§ The data:
##############################

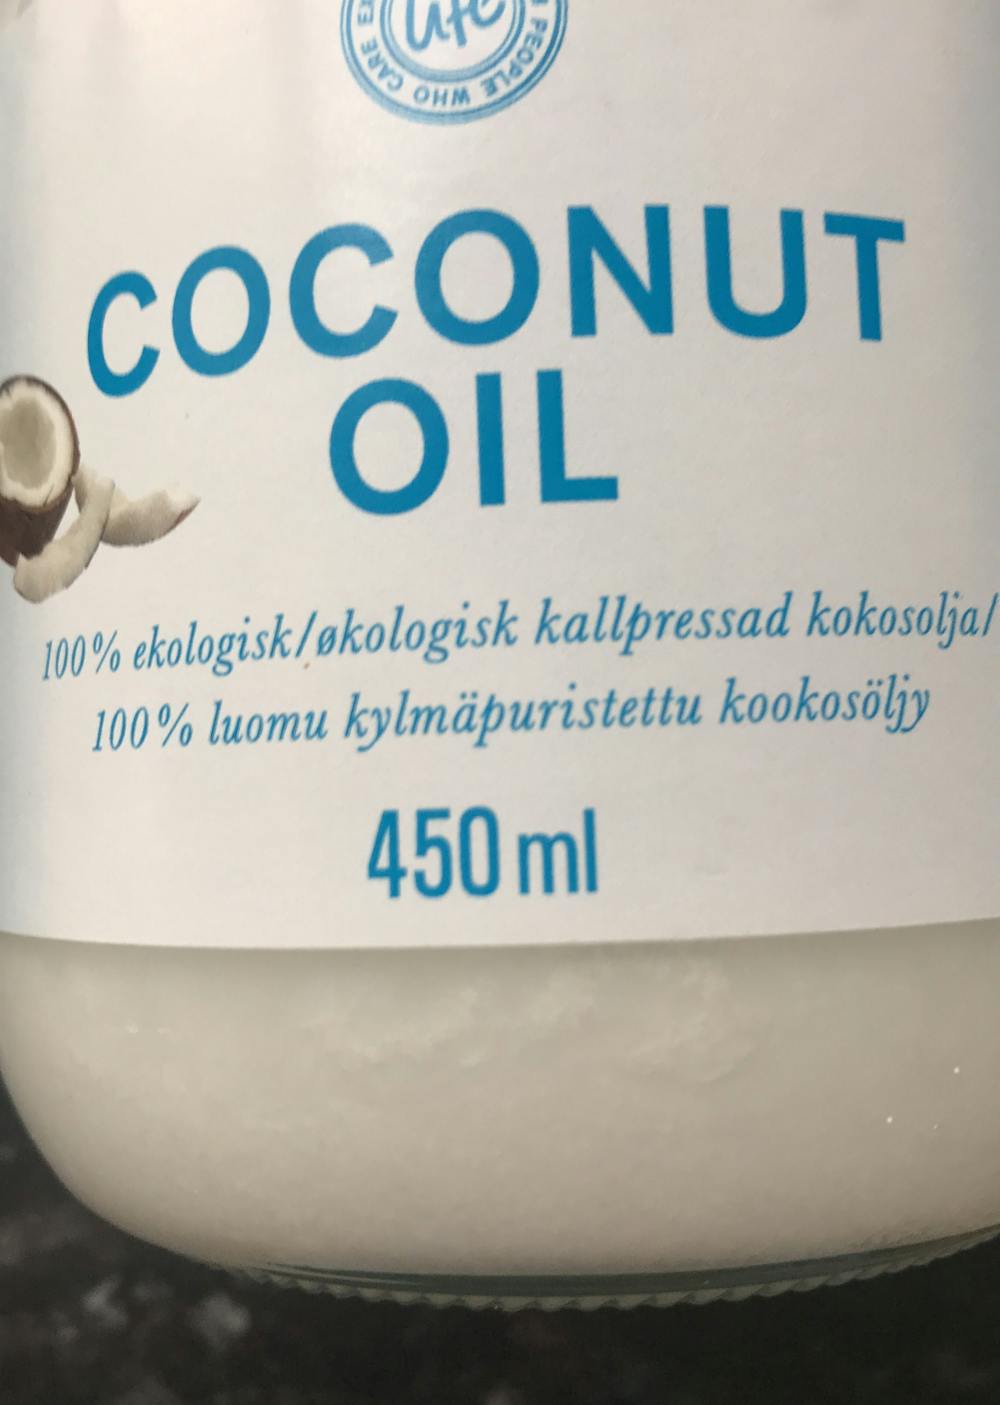 Ingredienslisten til Coconut oil , Life 
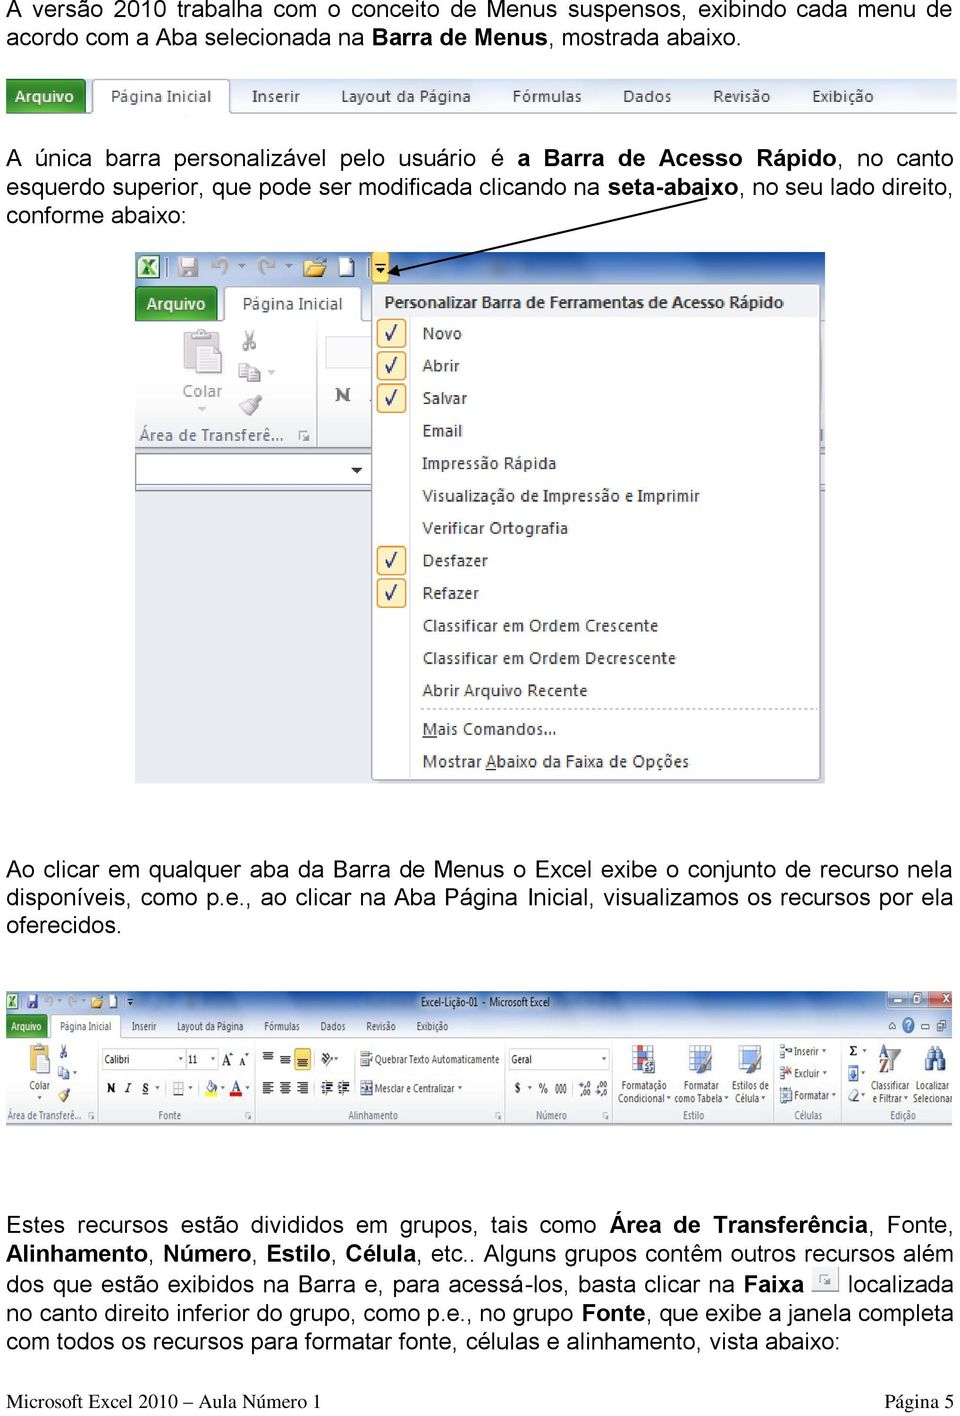 qualquer aba da Barra de Menus o Excel exibe o conjunto de recurso nela disponíveis, como p.e., ao clicar na Aba Página Inicial, visualizamos os recursos por ela oferecidos.
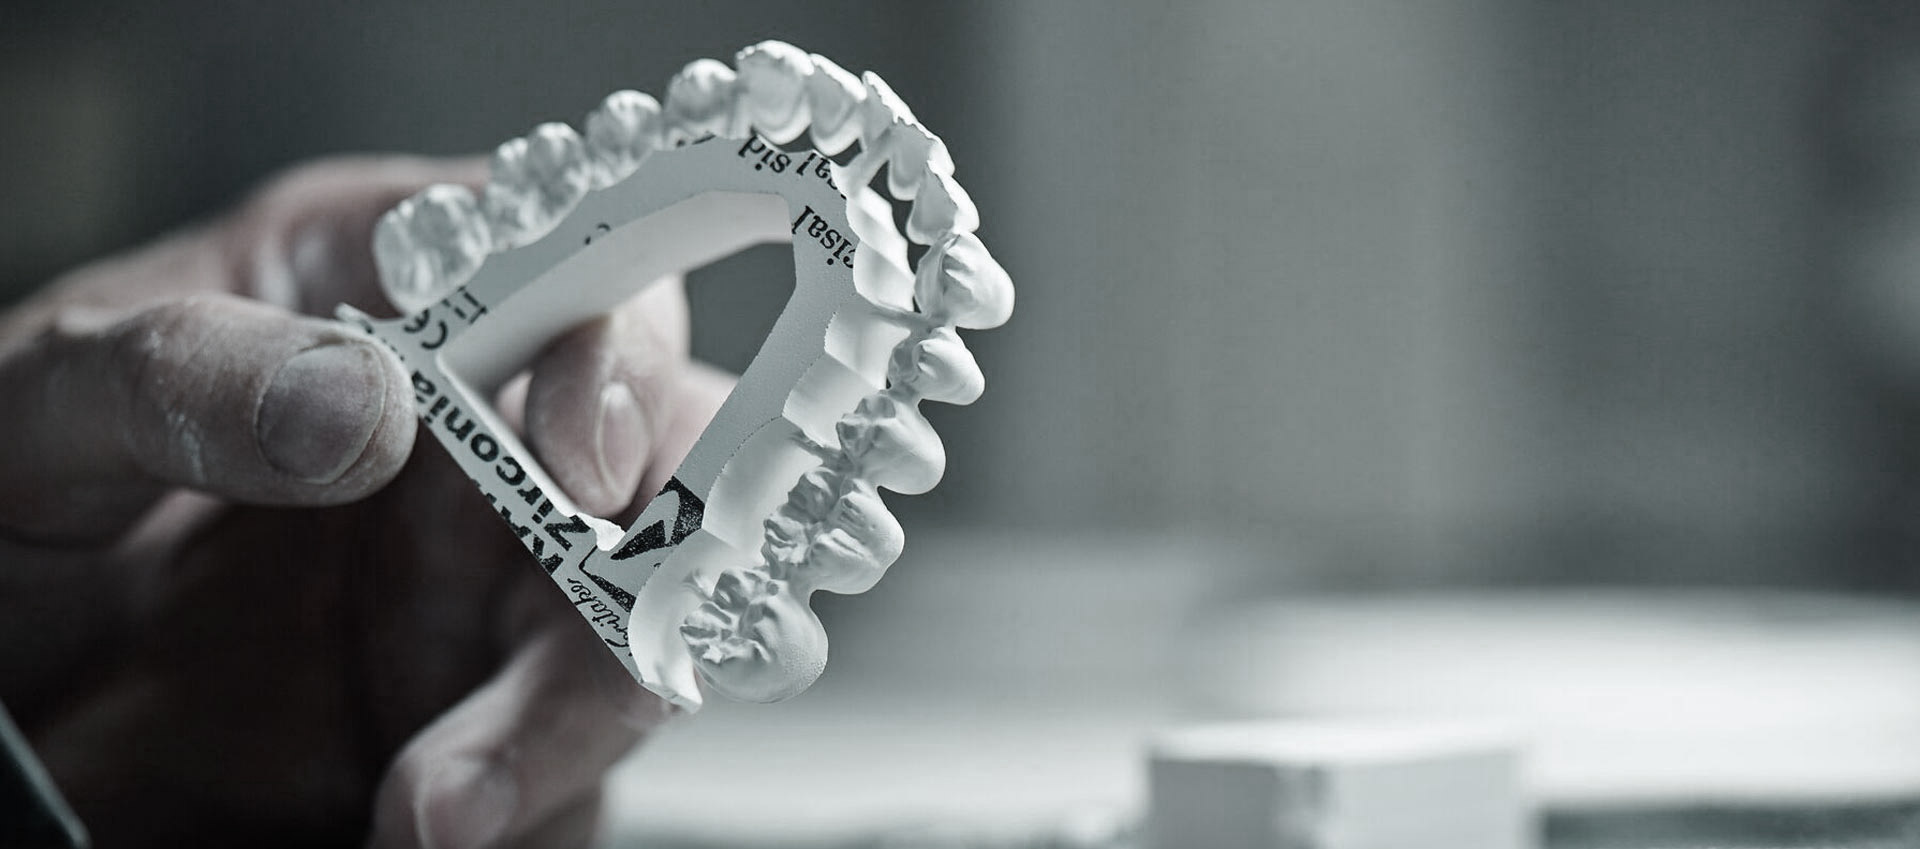 Hanker Dental Wir bieten Präzisionslösungen mit Qualität. 3

##############################

§ How to complete this task: Would you return the whole listing above exactly as written, skipping any image?

§ Answer to this exercise:
 Ingredienslisten til Coconut oil , Life 
 qualquer aba da Barra de Menus o Excel exibe o conjunto de recurso nela disponíveis, como p.e., ao clicar na Aba Página Inicial, visualizamos os recursos por ela oferecidos.
 Hanker Dental Wir bieten Präzisionslösungen mit Qualität. 3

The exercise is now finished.